In Silico-guided Metabolic Engineering of Bacillus Subtilis for Efficient Biosynthesis of Purine Nucleosides by Blocking the Key Backflow Nodes

Background: Purine nucleosides play essential roles in cellular physiological processes and have a wide range of applications in the fields of antitumor/antiviral drugs and food. However, microbial overproductions of purine nucleosides by de novo metabolic engineering have been a great challenge due to their strict and complex regulatory machinery involved in the biosynthetic pathways. Results: In this study, we designed an in silico-guided strategy for overproducing purine nucleosides based on the genome-scale metabolic network model in Bacillus subtilis. The metabolic flux was analyzed to predict two key backflow nodes Drm (Purine nucleotides toward PPP) and YwjH (PPP-EMP) for resolving the competitive relationship between biomass and purine nucleotides synthesis. In terms of the purine synthesis pathway, the first backflow node Drm was inactivated to block the degradation of purine nucleotides and greatly increased the inosine production to 13.98–14.47 g/L without affecting cell growth.
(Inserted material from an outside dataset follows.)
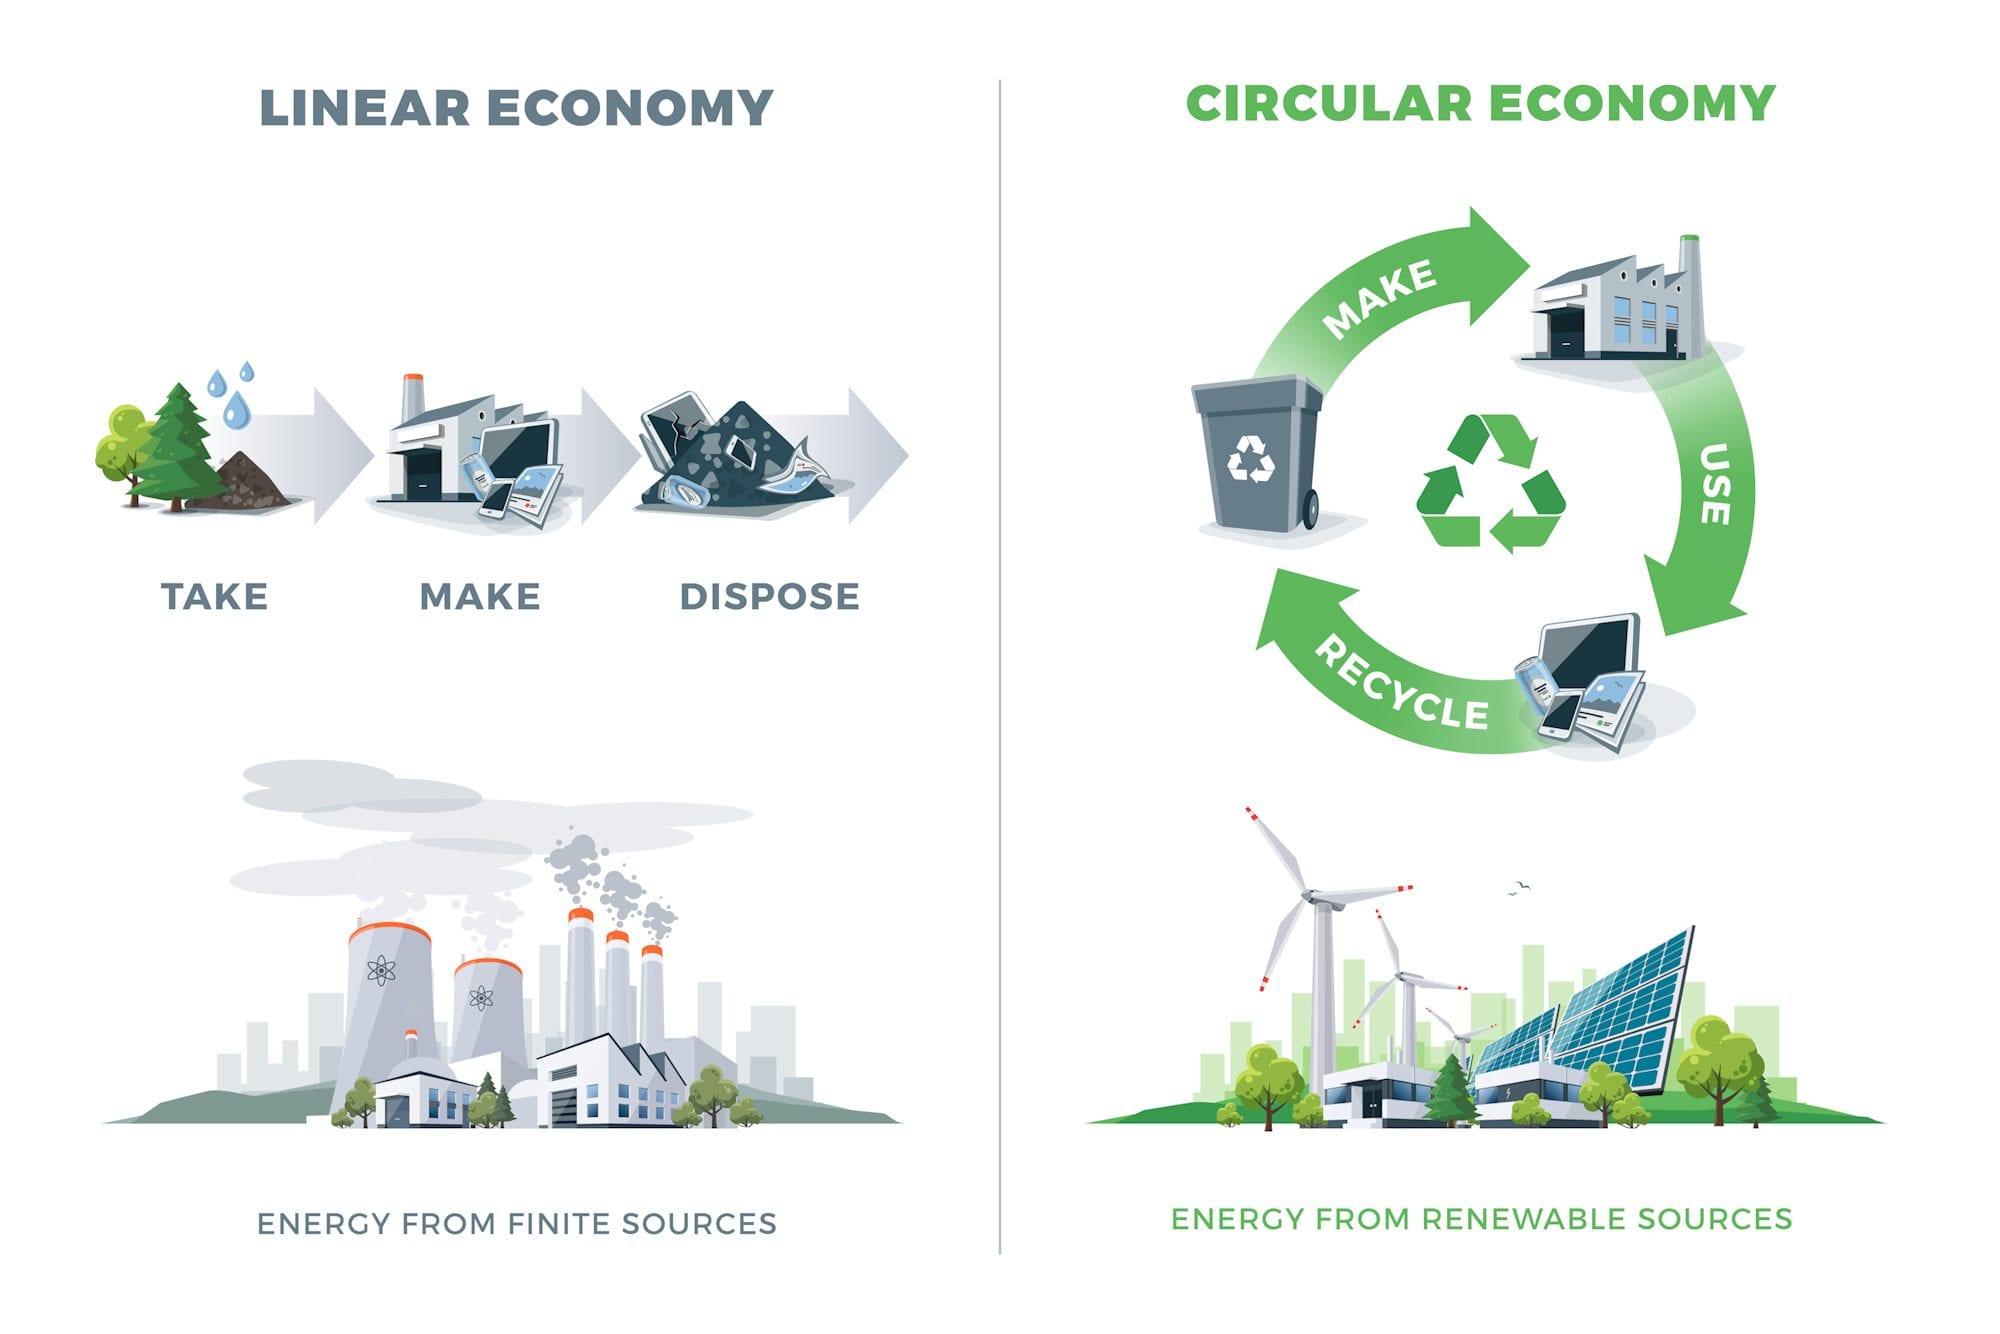 Image of linear economy versus circular economyerstock
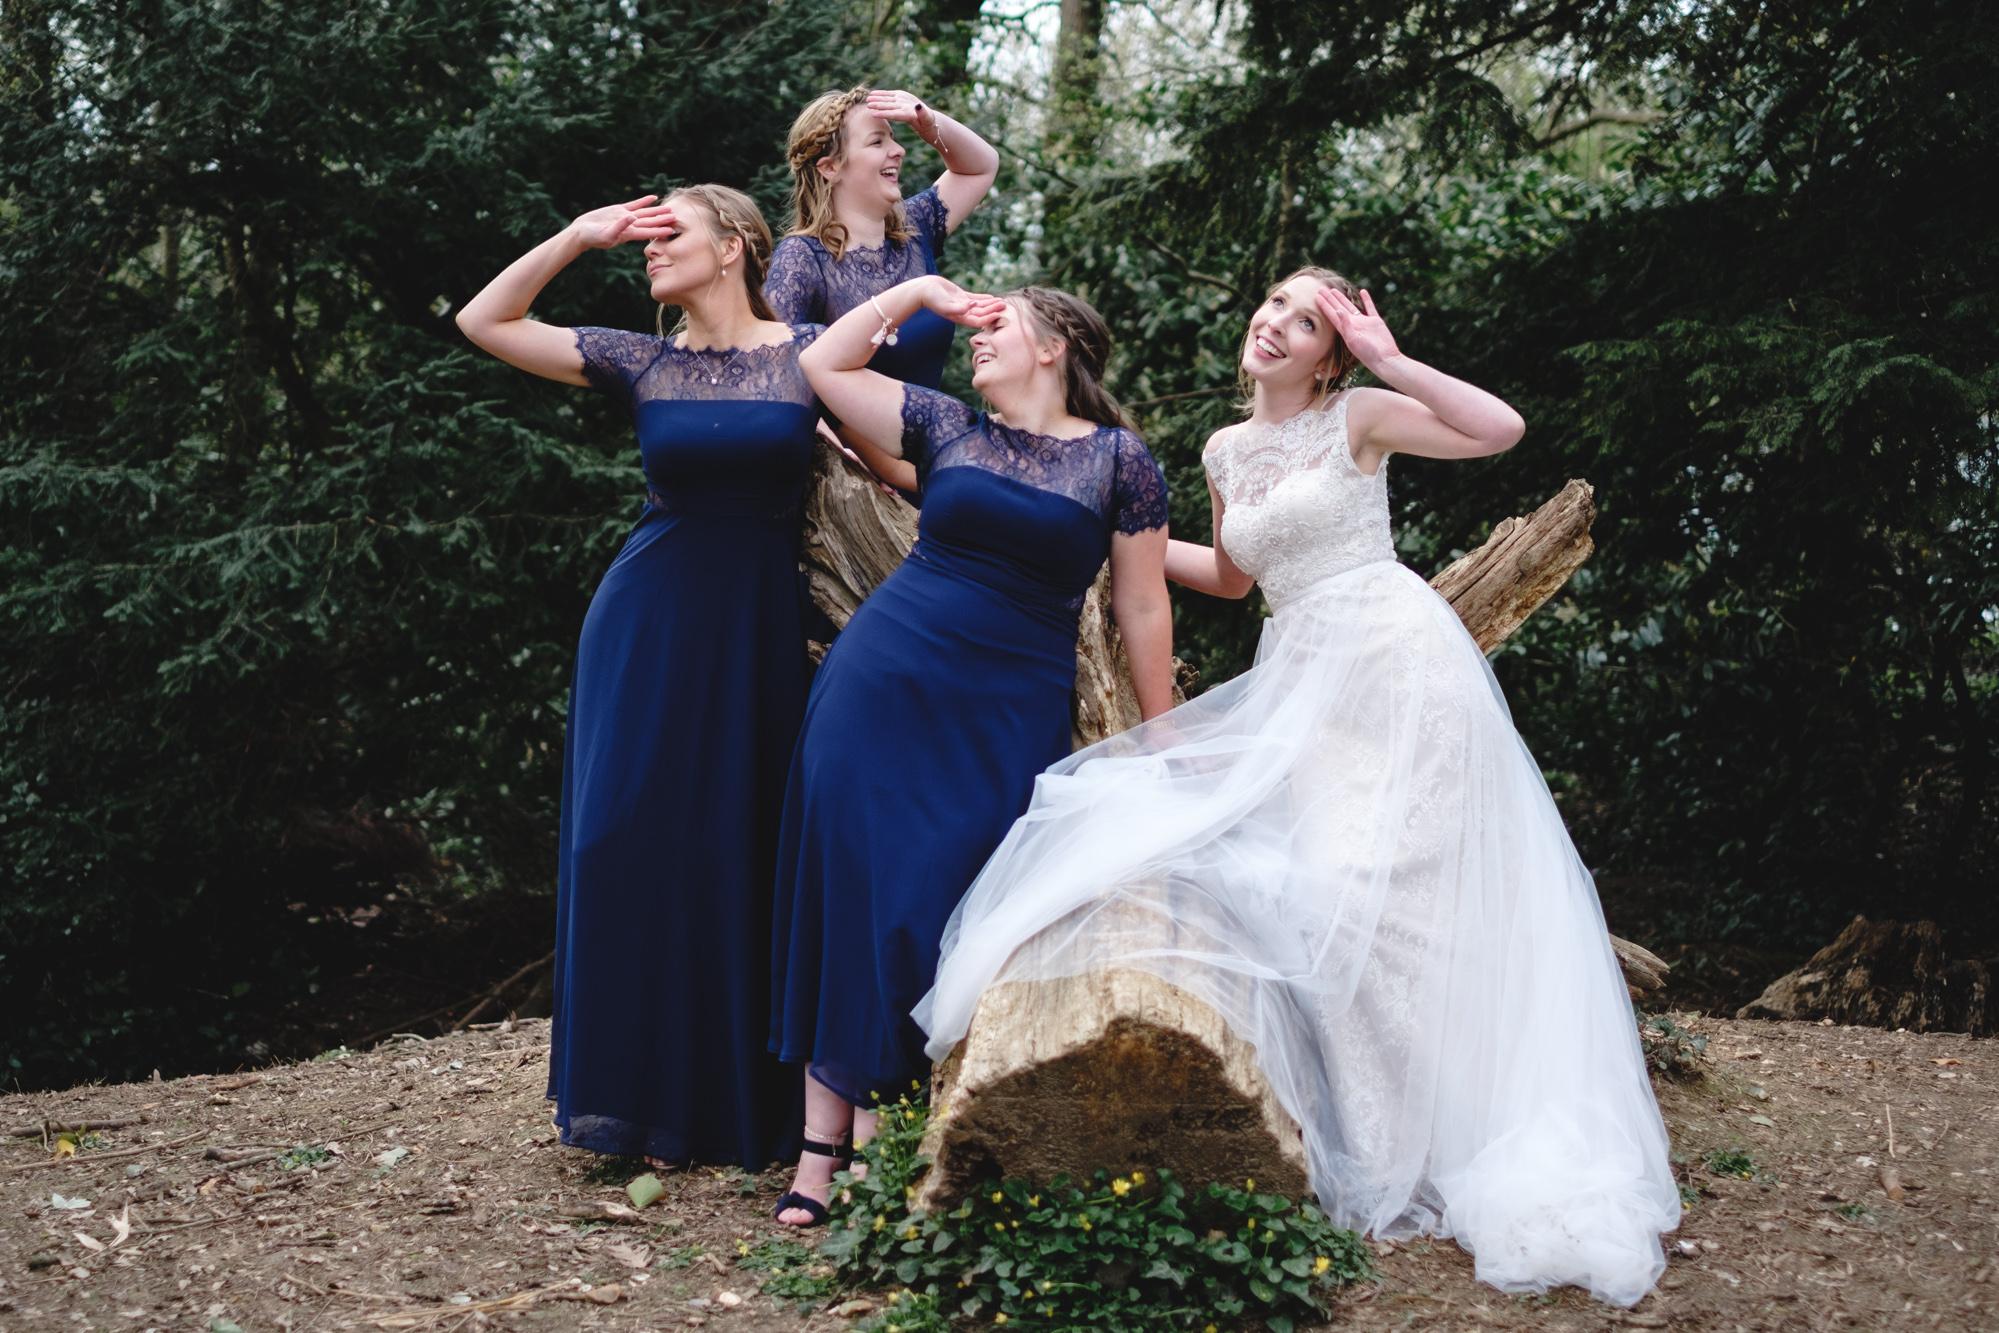 Katie and Dode weddings (125 of 207).jpg

Furthermore, releasing feedback inhibition of purine operon by promoter replacement further enhanced the accumulation of purine nucleotides. In terms of the central carbon metabolic pathways, deleting the second backflow node YwjH and overexpressing Zwf were combined to increase the inosine production to 22.01±1.18 g/L by enhancing the metabolic flow of PPP. Through switching on the flux node of the glucose-6- phosphate to PPP or EMP, the final inosine engineered strain produced up to 25.81±1.23 g/L of inosine by a pgi-based metabolic switch in shake-flask cultivation, suggesting the highest yield in de novo engineered inosine bacteria. Under the guidance of the in silico-designed strategy, a general chassis bacterium was generated for the first time to efficiently synthesize inosine, adenosine, guanosine, IMP, and GMP, providing the sufficient precursor for the synthesis of various purine intermediates. Conclusions: Overall, in silico-guided metabolic engineering successfully optimized the purine synthesis pathway by exploring the efficient targets, representing a superior strategy for efficient biosynthesis of the biotechnological products.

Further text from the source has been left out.